TeacherBurnout

Twitter 2018-02 education active
Also known as: BurnedOutTeacherTeacherExhaustion

Teacher burnout became a crisis-level concern in American education during the late 2010s-2020s as chronic stress, administrative burden, low pay, and inadequate support drove record numbers of educators from the profession. The hashtag gave voice to struggling teachers and exposed systemic failures threatening education quality.

Pre-Pandemic Crisis

Even before COVID-19, teacher burnout was escalating. A 2017 survey found 58% of teachers described mental health as “not good” for at least 7 of the previous 30 days. Contributing factors included: expanding responsibilities (social-emotional support, active shooter drills, pandemic protocols), stagnant wages requiring second jobs, lack of classroom autonomy due to standardized testing pressure, and inadequate mental health support.

Teacher turnover costs U.S. schools $2.2 billion annually. High-poverty schools saw turnover rates of 20-25% annually, creating instability that harmed student achievement. New teachers were most vulnerable - 44% left the profession within 5 years.

Red for Ed Movement

Teacher frustration erupted in 2018-2019 with “Red for Ed” strikes across West Virginia, Oklahoma, Arizona, Kentucky, and Los Angeles. Teachers walked out demanding higher pay, smaller class sizes, and adequate school funding. The movement brought national attention to teacher working conditions and educational underfunding.

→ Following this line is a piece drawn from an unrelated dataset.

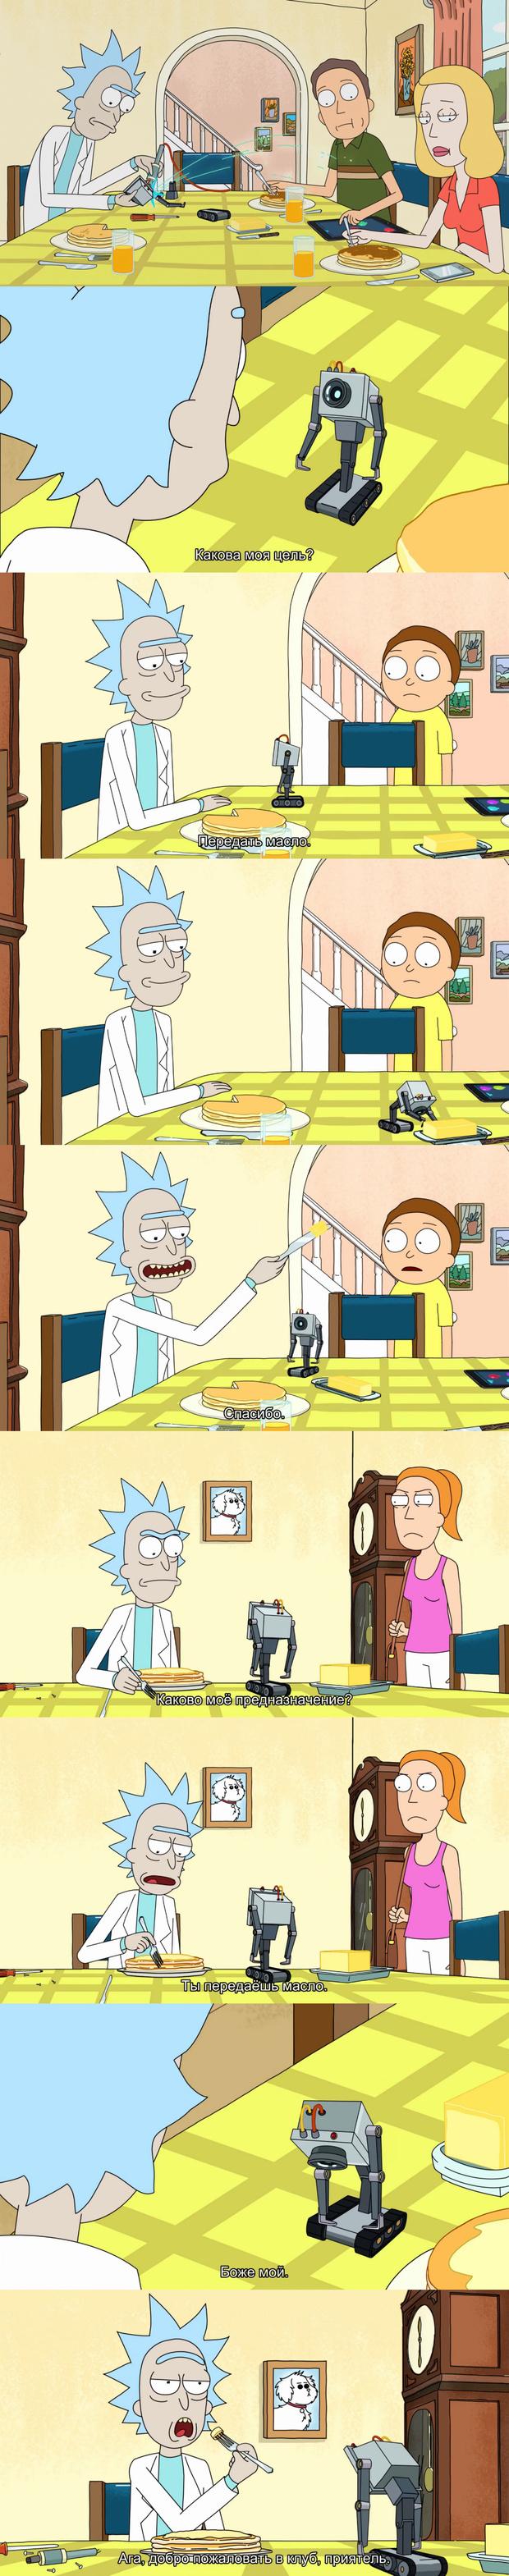 Фото №5 - 10 причин немедленно начать смотреть сериал «Рик и Морти»

Hashtags like #TeacherBurnout and #RedForEd documented exhaustion: teachers grading at midnight, spending personal money on supplies, managing classes of 35+ students, navigating administrative micromanagement, and facing parent hostility amplified by social media.

Pandemic Breaking Point

COVID-19 pushed teacher burnout to breaking point. Teachers pivoted to remote learning overnight, managed hybrid chaos, enforced mask mandates amid political warfare, supported traumatized students, and risked their own health. Many reported symptoms of PTSD.

Between February 2020 and May 2022, nearly 300,000 public school teachers and staff left education. The exodus created severe shortages, forcing schools to hire uncertified substitutes, consolidate classes, and cancel programs.